Kingsland Explosion. 1917
In January 1917 the United States remained officially neutral as World War I dragged on in Europe. Manufacturers in the United States and Canada were allowed to continue to sell war materials to the nations allied against Germany and the Central Powers, an activity which both exasperated the Germans and inspired them to action against the North American nations. German agents worked within the borders of the United States, and many fires, train derailings, shipboard accidents, and other catastrophes occurred which popular sentiment believed were the result of nefarious activities by German saboteurs. Often official investigations revealed no plausible link to the activity of German – or any other agents – and left the cause of the event unexplained. One such case was the Kingsland Explosion which occurred on January 11, 1917.
The Montreal based Canadian Car and Foundry Company was contracted with Czarist Russia to provide badly needed ammunition, and to expedite shipment built a large manufacturing facility in the New Jersey wetlands known as The Meadowlands. On the night of January 11 a fire started on or near a workbench which was the normal work station for an employee named Theodore Wozniak.

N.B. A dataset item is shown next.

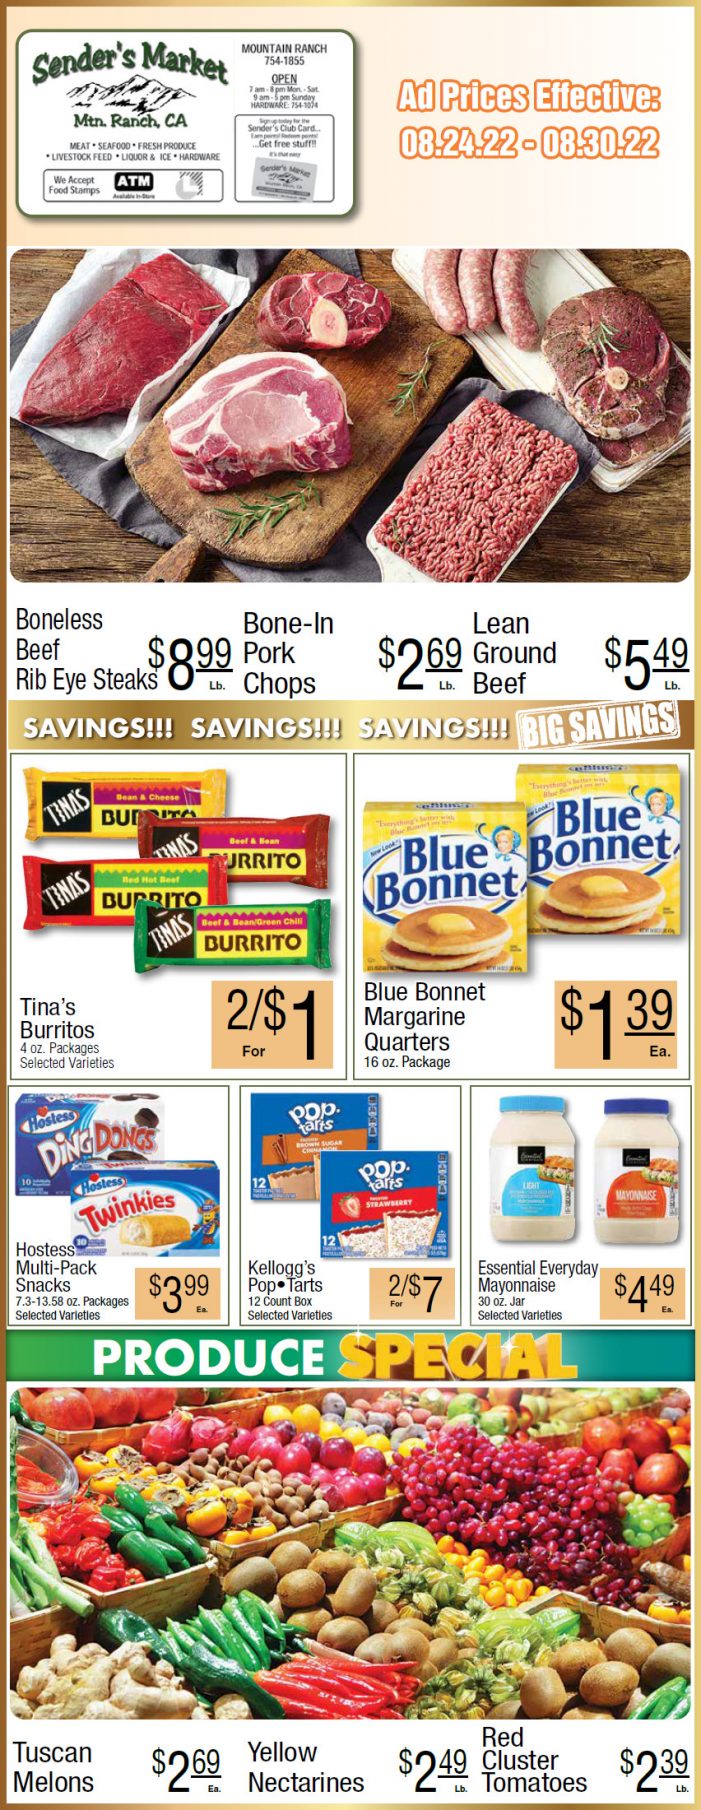 Sender’s Market Weekly Ad & Grocery Specials Through August 30th! Shop Local & Save!

The fire began in an area where 3 inch explosive shells were cleaned using gasoline as the cleaning agent. In less than four hours the entire plant was destroyed by the fire. Over a half million shells which had been intended for use by the Russians were detonated. Investigators in the aftermath of the fire were quick to learn of its point of origin and let Wozniak’s supervisors know that the worker – and former Austrian army member – would be needed for questioning. Wozniak by then had disappeared.
The German government officially claimed to have no knowledge of the causes of the fire, nor of Mr. Wozniak, and an official investigation which was completed in 1931 found no concrete evidence linking the government of the Kaiser, by then long deposed, with an act of sabotage against a supposedly neutral nation. It was generally accepted that Wozniak set the fire deliberately, but no evidence linked him to known German sabotage and espionage activities.
Legal actions against Germany which began in 1934 and lasted well into the 1950s disagreed, establishing legal culpability by the Germans and demanding they pay reparations. In return for not admitting guilt, West Germany agreed to pay $50 million in reparations.